Is this enough explanation, or is there something that still isn't clear?

If the date you want to process is in the 12th field and the field separator is a <tab> character and there is no header line (or the header line does not appear as the 1st line and doesn't need to be copied to the output) as in your latest sample input, you could try the following script instead:

#!/bin/ksh
# Set IAm to the final component of the pathname used to invoke this script.
IAm=${0##*/}

# If the number of operands given to this script is not 3, print a usage
# message and exit.
if [ $# -ne 3 ]
then	printf 'Usage: %s year.month1 year.month2 filename\n' "$IAm" >&2
	exit 1
fi

awk -F'\t' -v ym1="$1" -v ym2="$2" '
#NR == 1 {
# The following code to print the header has been removed because the sample
# data does not have a header line.
#	# Print the header line and skip further processing for this line.
#	print
#	next
#}
{	# Split the 12th tab separated field into the ymd[] array using
	# <period> as the field # separator within this field.
	split($12, ymd, /[.]/)
	#printf("$12=%s, ymd[1]=%s, ymd[2]=%s\n", $12, ymd[1], ymd[2])

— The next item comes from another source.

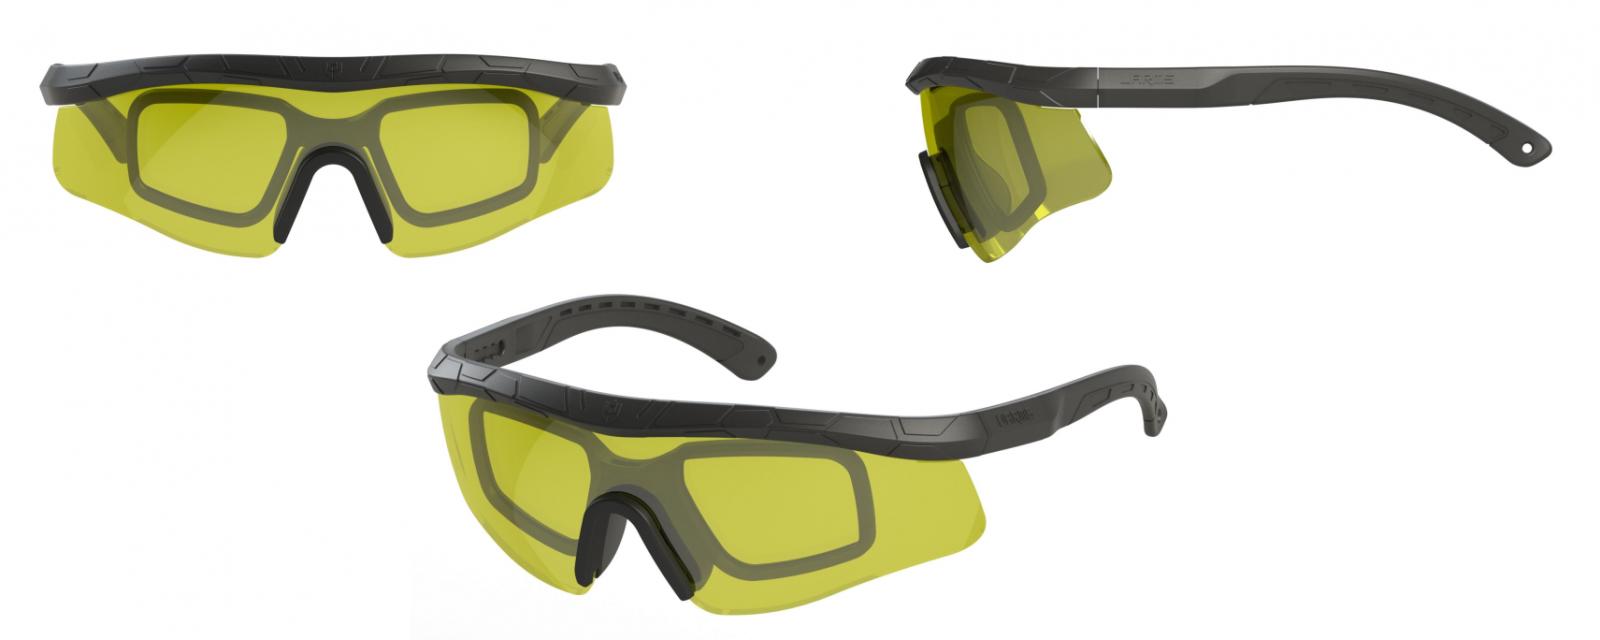 Ballistic glasses

	# Print this line if ym1 or ym2 is the same string as ymd[1] "." ymd[2].
	if(ym1 == ymd[1] "." ymd[2] || ym2 == ymd[1] "." ymd[2])
		print
}' "$3"

If someone wants to try either of the above scripts on a Solaris/SunOS system, change awk to /usr/xpg4/bin/awk or nawk .

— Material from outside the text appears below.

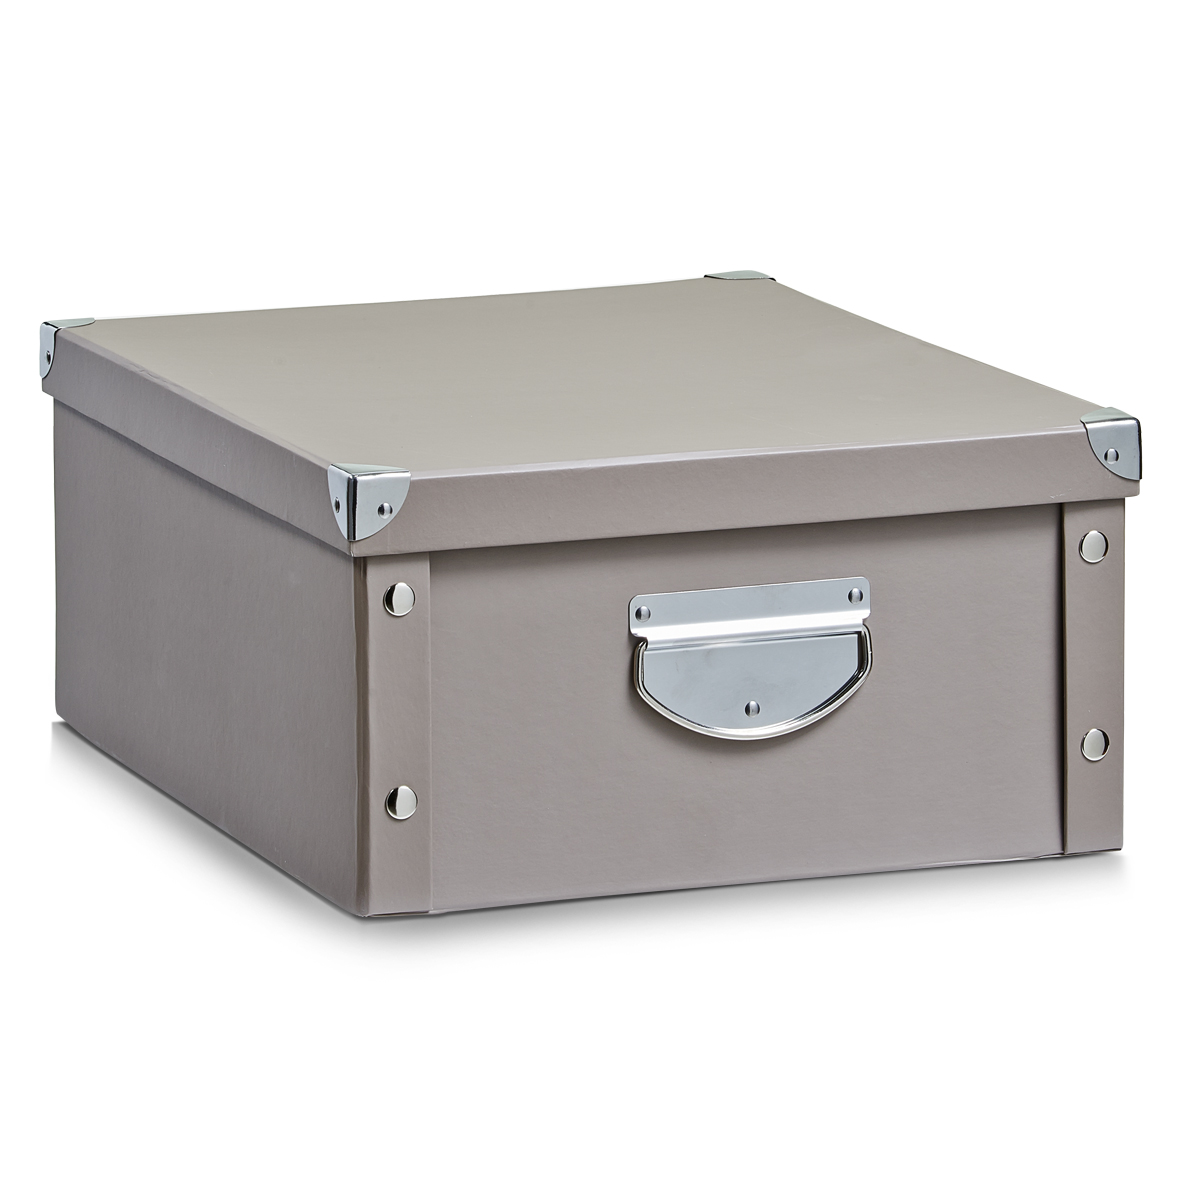 aufbewahrungsbox 40x17x3 cm pappe pappkarton pappschachtel. Black Bedroom Furniture Sets. Home Design Ideas

As has been said before, giving us data that is not at all representative of the data you want to process, not telling us what the field separator is in the data you want to process, and continually changing your requirements is a huge waste of everyone's time.

I hope the above helps you, but if this still doesn't meet your requirements, we have little incentive to try to help if your requirements change again.